Market competition fanatics have long worried (rightly so) about Google and Meta’s duopoly over digital advertising, the business that powers the entire Internet. The two advertising giants aren’t going away anytime soon, but make no mistake, we’re entering a new era in the online world.
“These are more sober days for these companies, but apart from losing some shares to Amazon and TikTok, although we currently do not see an existential threat to either,” Verna said.
Meta did not respond to a request for comment. Google declined to comment on its finances.
There are many reasons for the change, but my two favorites start with the letter “A.” You may have heard of them: Amazon and Apple. When you hear those names, “ads” probably aren’t the first word that pops into your head, unless you work in marketing.
Amazon and Apple are probably the biggest disruptors of the corporate advertising industry in the last ten years. Thanks to their efforts, digital advertising is undergoing a major change.
The Apple effect is the most interesting. Last year, your iPhone started asking if you wanted to allow your apps to track you. It probably didn’t seem like much to most people, but it made a young entrepreneur named Mark Zuckerberg very angry. That setting, called App Tracking Transparency, cut off the flow of data from iPhone users to Facebook and Instagram. That’s what you might call”great deal“. Tracking you on other companies’ apps and websites is a key part of Meta’s advertising infrastructure. Ultimately, Meta said it lost $10 billion because of it that scenario alone.
One of the big things App Tracking Transparency did was open the door to competition. Meta’s ad business was destabilized, and suddenly third-party data was much harder to come by.
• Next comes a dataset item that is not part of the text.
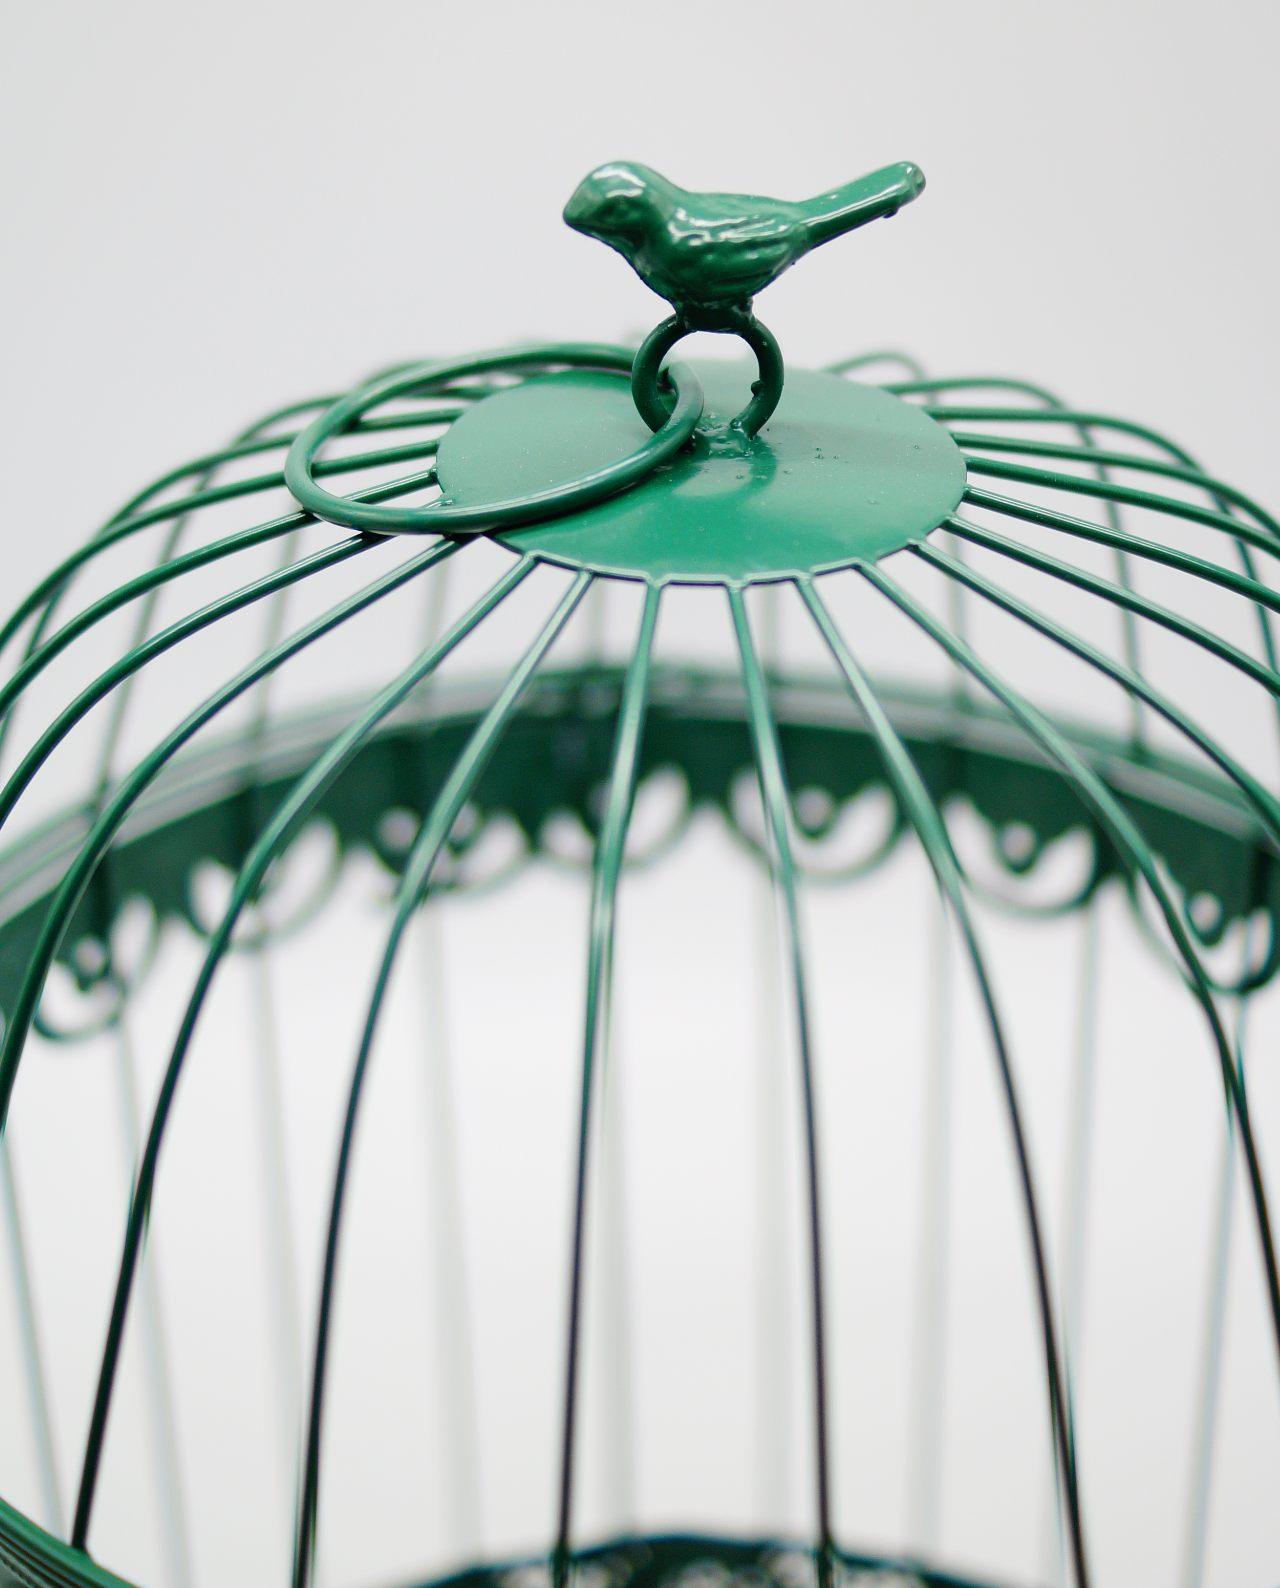 Birdcage Metallic Green Height 40 cm

That made big consumer companies with tons of data about their own customers start thinking about launching their own ad businesses. A lot of them, especially retailers, such as 7-11, Best Buy, Chewy, CVS, DollarTree, Doordash, eBay, Home Depot, Instacart, Kroger, Lowe’s, Macy’s, Target, Walgreens, Walmart, Wayfair, Ulta, not to mention. other tech competitors like TikTok. Same Marriott entered the game.
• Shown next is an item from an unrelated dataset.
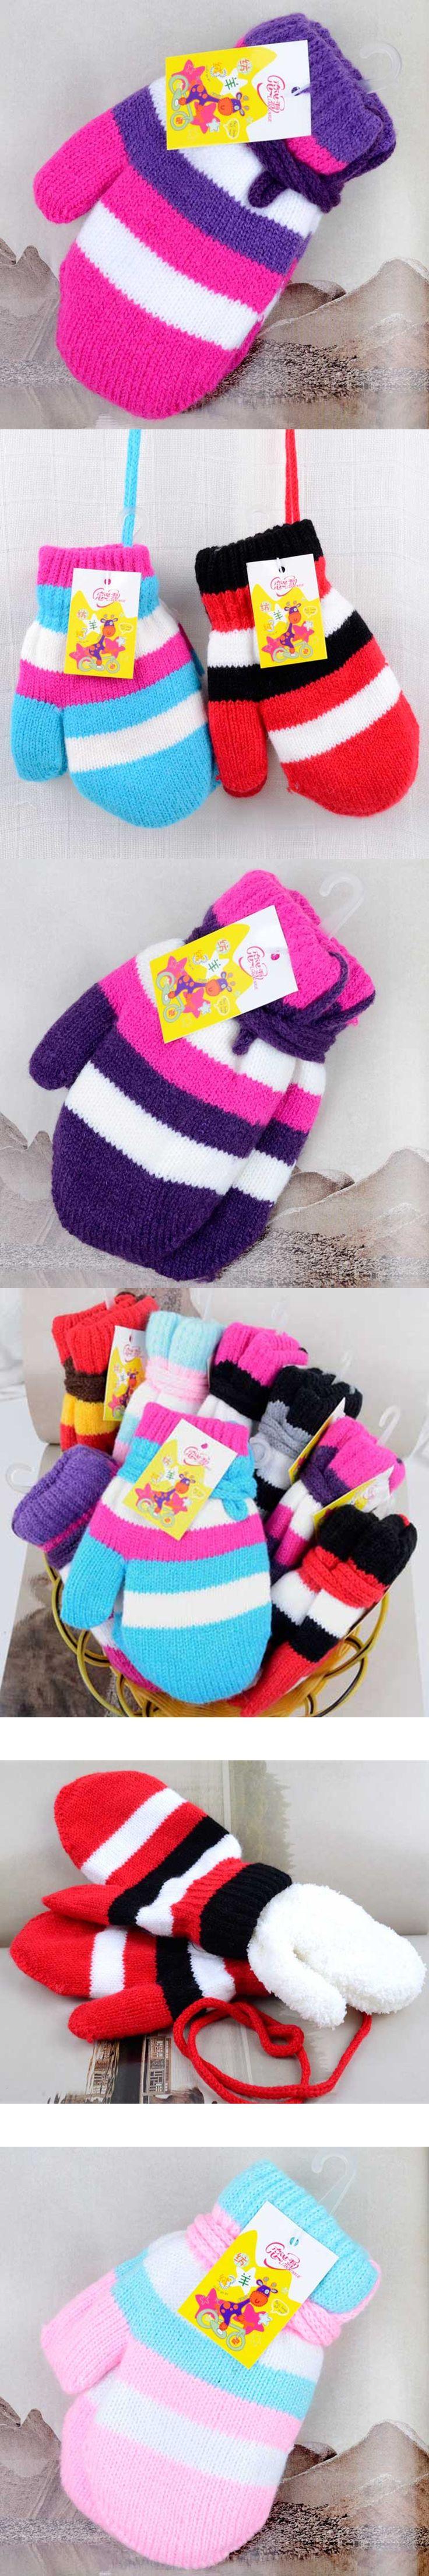 Children Winter Gloves Cute Striped Glove Girls Boys Pack Finger Halter Mittens Thicken Warm Knit Wool Kids Accessories 8Color

To quote ad industry analyst Eric Seufert these days, “it’s all an ad network“.
But one company was already hard at work on the advertising project even before Apple’s privacy settings. Amazon’s advertising business is exploding. Today, Amazon makes more than $30 billion a year from ads, which is actually more money what Amazon does on Prime and all of its other subscription services combined.
“All of these trends represent seismic shifts for Google and Meta, two companies that, until recently, could be counted on to exceed Wall Street’s high expectations and, in some cases, their own guidance,” Verna said.
get used to it Insider predicts that Amazon will capture 12.7% of US digital advertising dollars by 2024, compared to Meta’s forecast of 17.9%.
Seufert writes on his blog Mem. of mobile developmentwhich Google and Meta are likely to hold the top two spots on the list of digital ad revenue generators for the foreseeable future. But the duopoly era of their undisputed online dominance has come to an end:
Given the staggering growth of Amazon, TikTok and several retail media networks, including those launched this year such as Netflix, it is reasonable to characterize the digital advertising market in 2022 as materially more competitive than in 2016 or 2017. Duopoly representation is dim and Google and Meta see a combined minority stake.
48.4% of the roughly $250 billion digital ad business isn’t exactly chump change. But in 2023 and beyond, the Internet and the technology landscape will look very different from advertising dollars to other companies.